Wusthof is a great brand. They're probably one of the more popular brands out there for a reason. I've used a few different types of Wusthof (although the only one that I can remember the name of is "Grand Prix 2"). They're solid, hold an edge very well, and they're a bit heavier. I don't prefer them myself, but I have smaller hands than most of the guys I worked with who used Wusthofs, so I think that'll be something you could decide if you can get into a knife store. The other good thing is that I believe all Wusthof knives come with a lifetime warranty, so if something happens to them you can get a new knife.

I wasn't a big fan of Cutco knives, they just felt weird to me.

Shuns are ok. I think I only used a pairing knife and a 8'' Chef knife when I was travelling to different kitchens. It seemed like I had to run them over steel a bit more than I probably should've though. They might be okay for home kitchens though where you're not using them all the time.

I've never used Global, but from what I read from other Chefs you'll either love them or hate them and there's not really an in-between. A lot of people complain that the handles on Globals cause blisters depending on how you hold the knife. When I shopped for my knife at Ambrosi, they felt good to me, and they were on the lighter side. My only issue from the two or so minutes I messed with it seemed to be that the handle would get slippery. Not a big deal if you're at home, but a terrible deal if you're trying to knock out 40lbs of vegetables and whatnot.

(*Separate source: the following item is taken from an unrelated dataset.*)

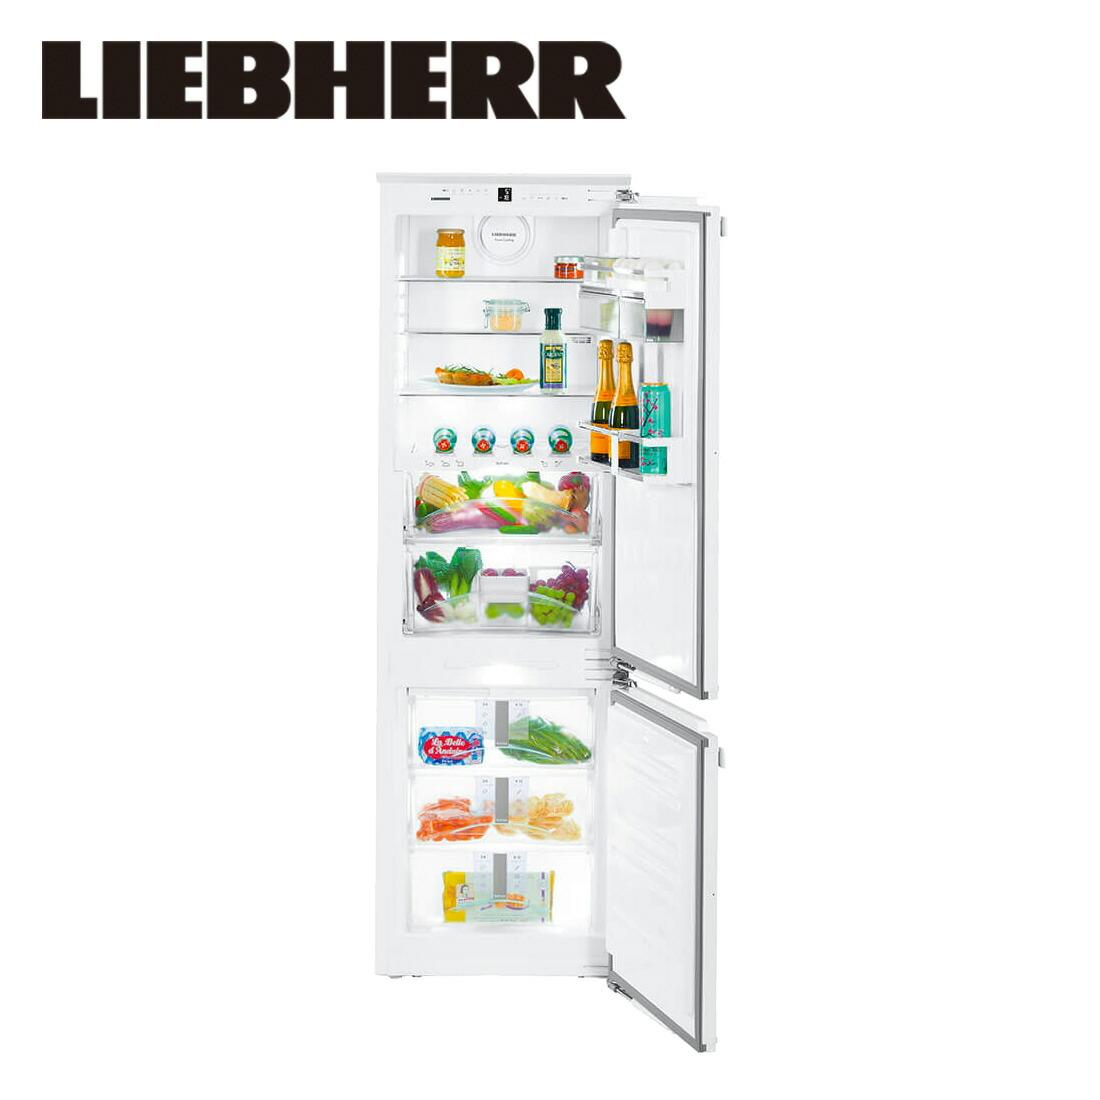 【ポイント不要の場合値引】【一都三県は送料・設置費無料】LIEBHERR リープヘル 冷蔵庫 SICBN3356 premium バイオフレッシュ冷蔵庫 冷凍庫 2ドア / 代引き不可

I've heard good and bad things about Henckels. The good being that they seem to last quite a while, the bad being that they might not hold an edge as long as other brands. I've never personally used them though.

With all that said, I actually bought a Tamahagane for my first knife.

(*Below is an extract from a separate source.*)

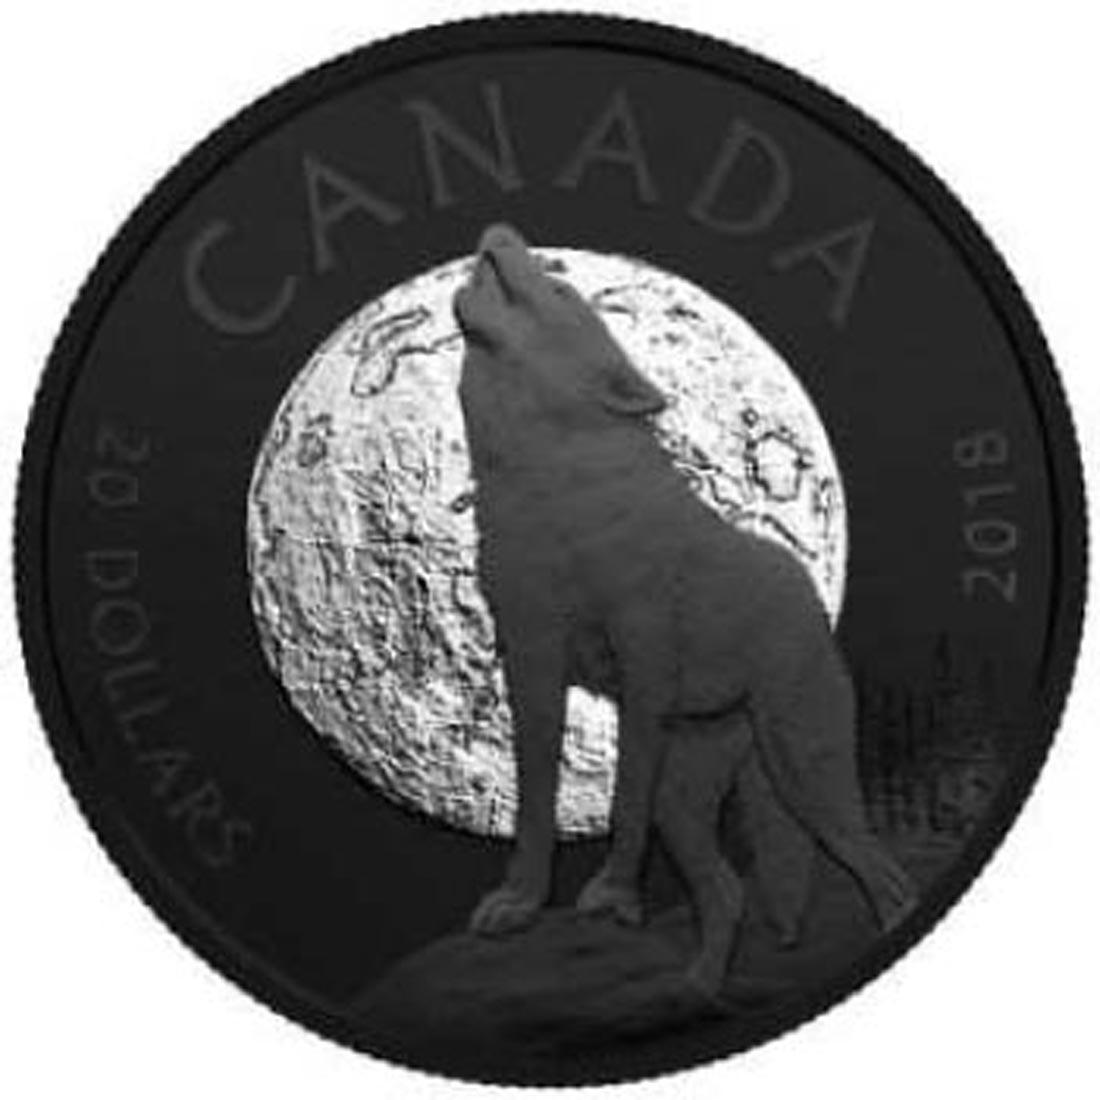 Kanada : 20 Dollar Nachttiere - Der heulende Wolf mit Rhodiumauflage  2018 PP

I like it because it is lighter and smaller (again, small hands). It does a good job both rocking and chopping. The handle stays pretty dry even if my palms are sweating, and it holds an edge for a long time (at least mine does). I liked it enough to where I bought the pairing knife as well.

You said you don't live in the area so you can't try the knives out, right? I wanted to suggest that maybe where you live, if they have a Sur La Table style store, you can actually go into a store like that and hold the knives to see how they feel in your hand if maybe that would help narrow it down. Most stores like that will bring out a cutting board and the knives you want to try and let you test them out.

I would also suggest, as you said, maybe buying a knife or two instead of a whole set. There are a lot more options than just the ones suggested in here. Usually the guys at Ambrosi can order more than they carry too, but they'll want to make sure someone is buying it.

I'm probably forgetting some brands here and there, so if anything comes back to me I'll try to chime in again.

I think Sickboy put in a lot of good information in a thread here. I actually think I read through that thread a few times before I started to form an opinion of what I wanted. Hopefully he can chime in as well.

Also, this isn't the most informative, but it might help you:
Knife Advice on a kitchen Reddit.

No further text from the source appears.